Por eso me sorprendió ayer el subsecretario de Educación Pública, Javier Treviño. Mientras lo entrevistábamos en la tele, contó que los libros de texto gratuitos que reparte la SEP en las escuelas abordan la sexualidad a partir del cuarto grado de primaria, pero no hablan de diversidad sexual. Para los libros de texto gratuitos los homosexuales no existen. Y dijo además que en los foros del nuevo modelo educativo que auspicia el gobierno no hay ningún plan para incluir ninguna información sobre la diversidad sexual.

Es casi un consenso mundial que los papás no podemos entregar al gobierno la educación de los hijos. También es consenso mundial que el Estado sí debe hacer una parte. Y considero que poco ayuda a los papás en esta tarea, si borra del mapa a un sector de la sociedad cada vez más notable.

Me parece además una gigantesca contradicción: el gobierno que presenta una ley de avanzada para reconocer los matrimonios igualitarios y los derechos de la comunidad gay es el mismo que hace como que no existen frente a los más de 15 millones de niños que estudian arriba del cuarto de primaria.

No es tarea sencilla para un Estado enfrentar la educación en un tema que divide a la sociedad. Porque así como hay padres de familia que vemos las cosas como están expuestas en esta columna, hay quienes no quieren que sus hijos estén expuestos a este tipo de información. Y cuando se trata de lo que más nos mueve, los hijos, se desata la pasión. Y se entiende.

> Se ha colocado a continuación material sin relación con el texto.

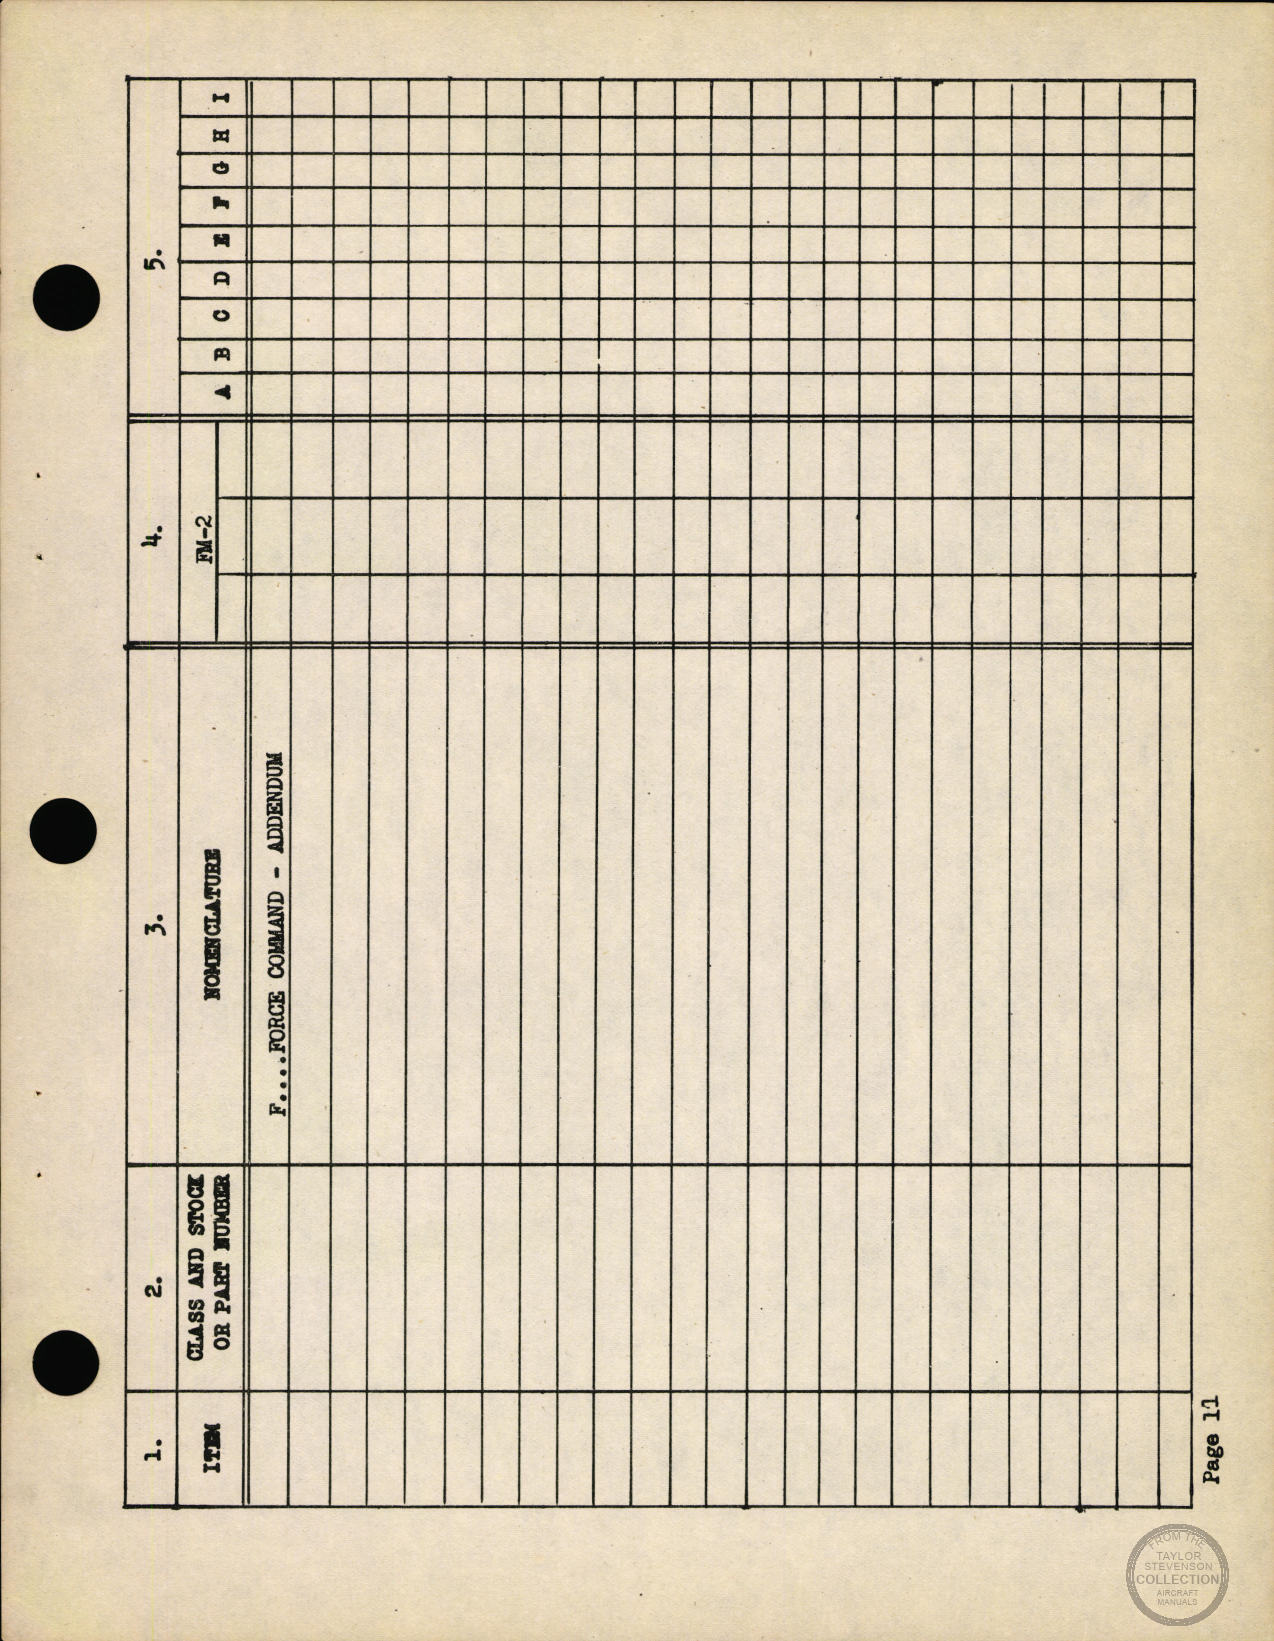 Sample page 16 from AirCorps Library document: Bureau of Aeronautics Standard Inventory List, FM-2 Wildcat
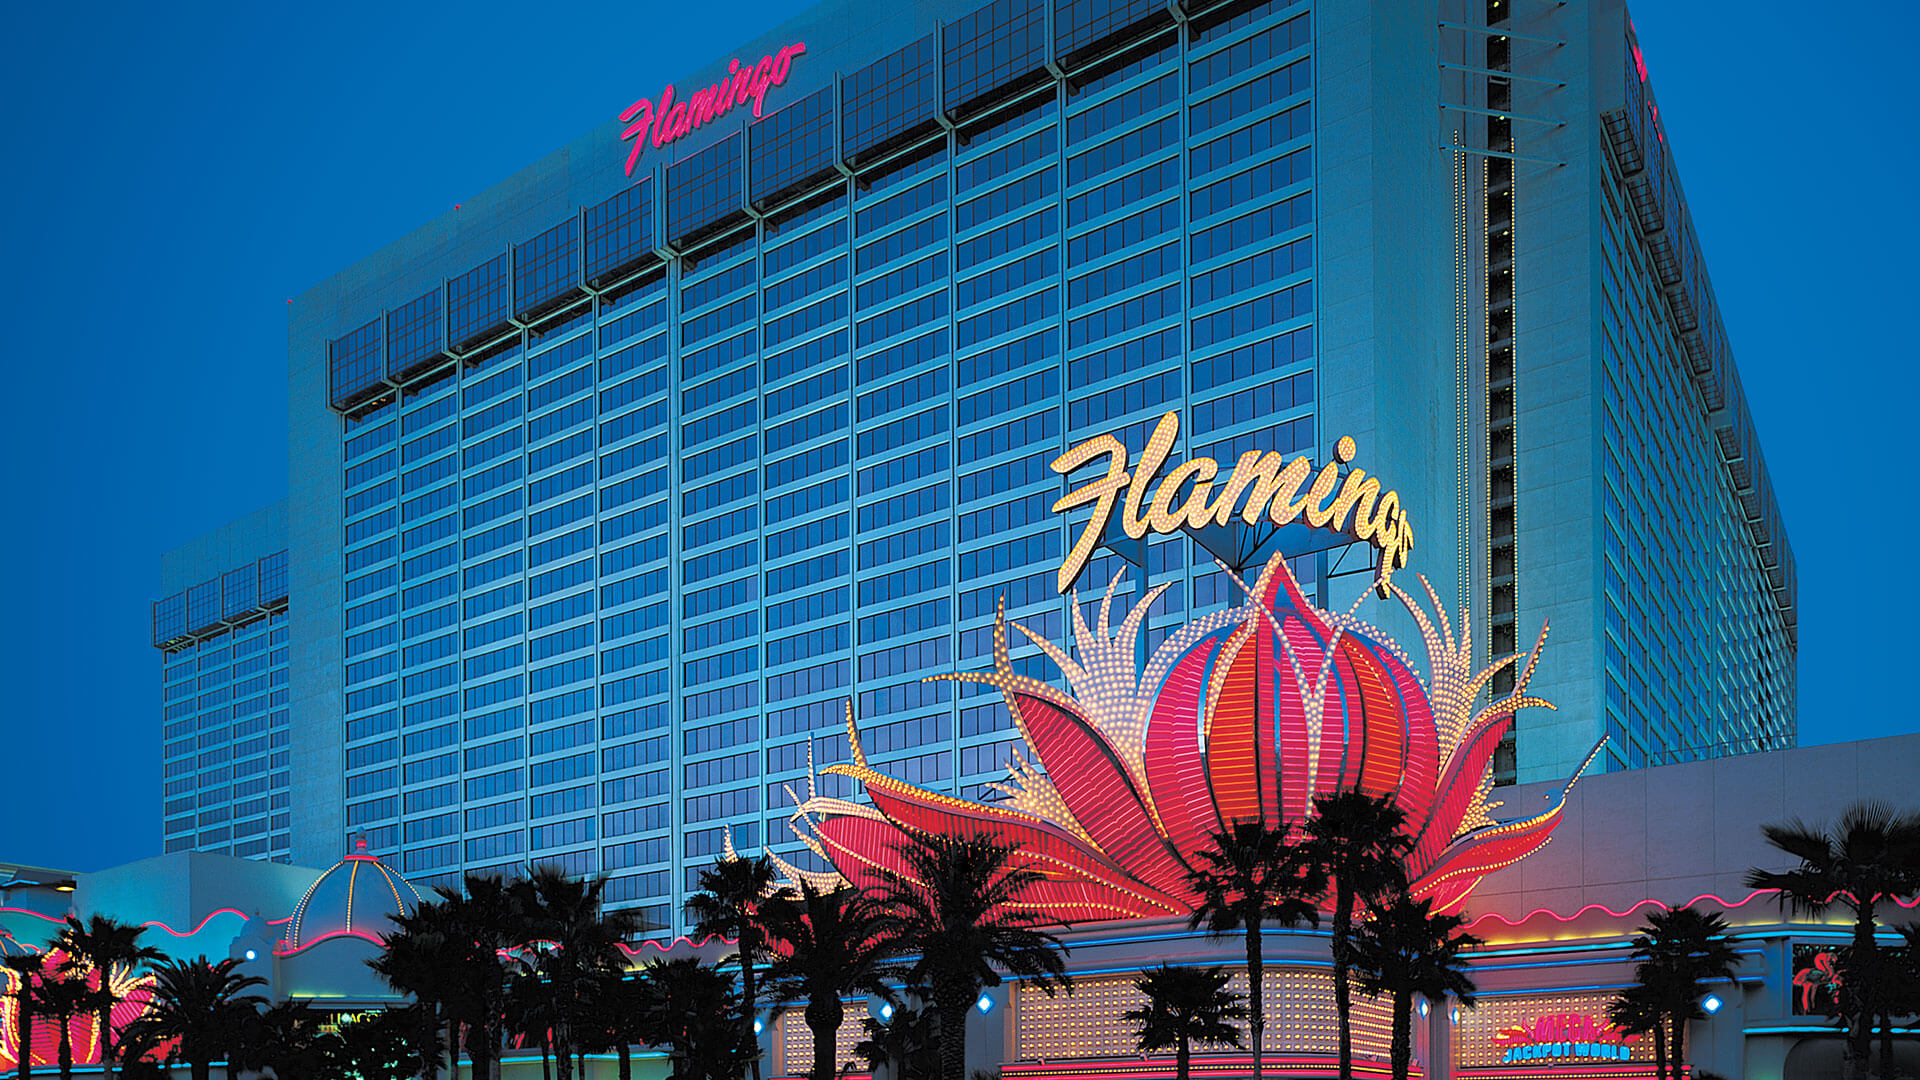 Flamingo Las Vegas Hotel & Casino Review: What To REALLY Expect If You Stay

Yo prefiero un niño que observe a uno que se tape los ojos. Uno que abrace su realidad cuando ésta le despierte la curiosidad, a uno que sea censurado o deba autocensurarse. Pero ese soy yo, y yo sólo tengo derecho a opinar sobre los tres que yo engendré.

¿Y el Estado? ¿Queremos un Estado que tape los ojos o uno que fomente que se abran? ¿Uno que despierte la discusión, la observación, la curiosidad o uno que opte por la censura? Creo que ha costado muchos años y no pocas vidas avanzar en una dirección.